Fwemba
- Native name: Gule wa Fwemba
- Etymology: Dance as if a warrior
- Genre: Traditional dance
- Instrument(s): Drums, etc
- Inventor: Tumbuka people
- Year: c.1925 AD
- Origin: Eastern Zambia
- Related dances: Vimbuza, Mganda, Mapenenga

= Fwemba =

Traditional Tumbuka dance of protest and celebration

Fwemba is a ritualistic and expressive dance performed by the Tumbuka people in Eastern Zambia, particularly in districts such as Lundazi, Chasefu, and Lumezi, as well as Chama in Muchinga Province. The dance features energetic and martial movements that convey both community celebration and resistance. The Chitumbuka word term Fwemba is tied to its dual role as both a victory dance and a form of protest.

== History ==
Fwemba originated as a martial dance performed by Tumbuka warriors upon returning from victorious battles, allowing them to publicly display their physical tactics and communal triumph. During the colonial period, it evolved into a form of protest against oppression, giving voice to collective dissent and cultural pride.

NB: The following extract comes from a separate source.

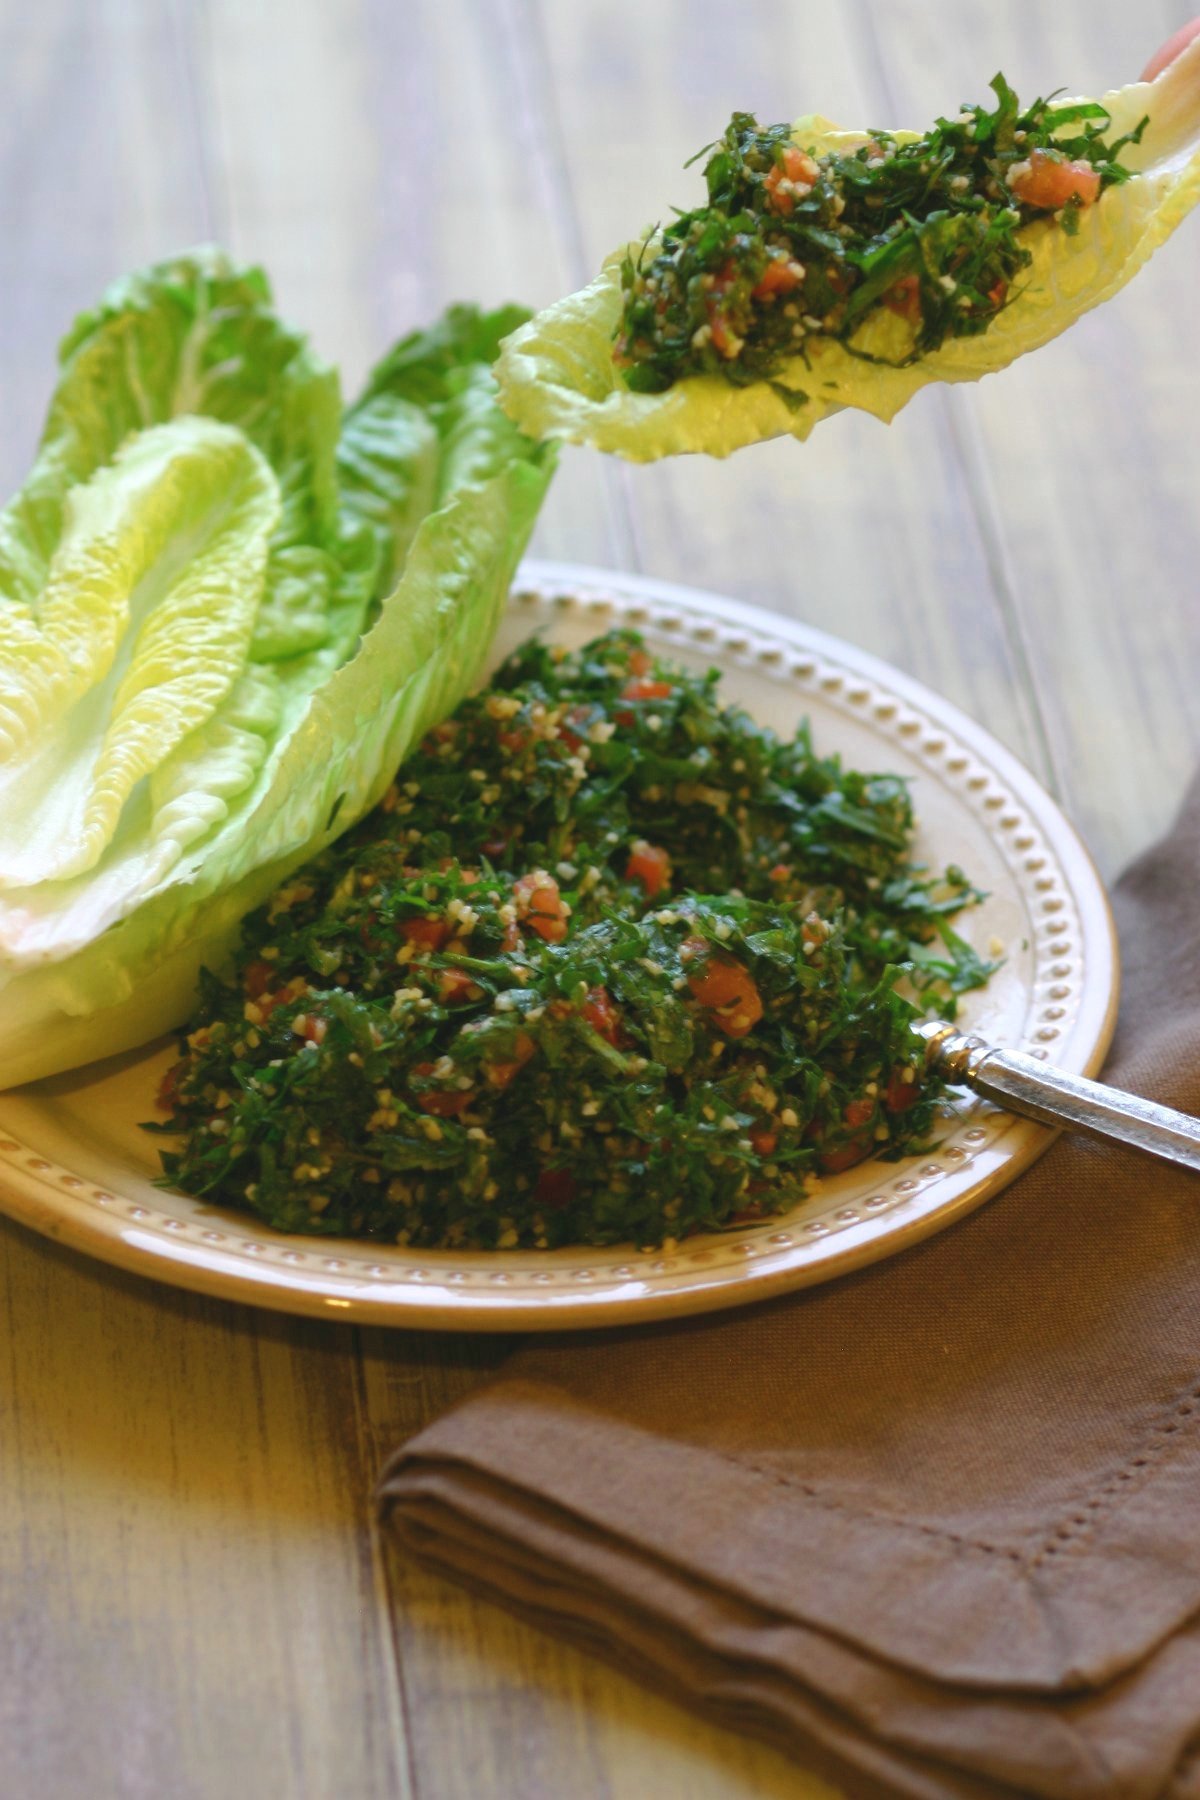 This recipe for Tabbouleh is everything you want it to be: tangy, juicy, and refreshing. Herbs, tomatoes, and bulgur combine to make a mouthwatering salad.

The dance is part of the broader category of militaristic mimes, sharing origins with Mganda, Malipenga, and Kalela, performances that emerged during the colonial era and world wars as both entertainment and subtle socio-political commentary. Fwemba in particular served as a medium for celebration, raising awareness of colonial injustices.

== Cultural significance and contemporary performance ==
Fwemba continues to be performed at weddings, festivals, chiefly gatherings, and community celebrations, preserving Tumbuka cultural identity. Its martial origin and protest symbolism remain culturally, enabling modern Tumbuka communities to honor ancestral heritage and assert social values.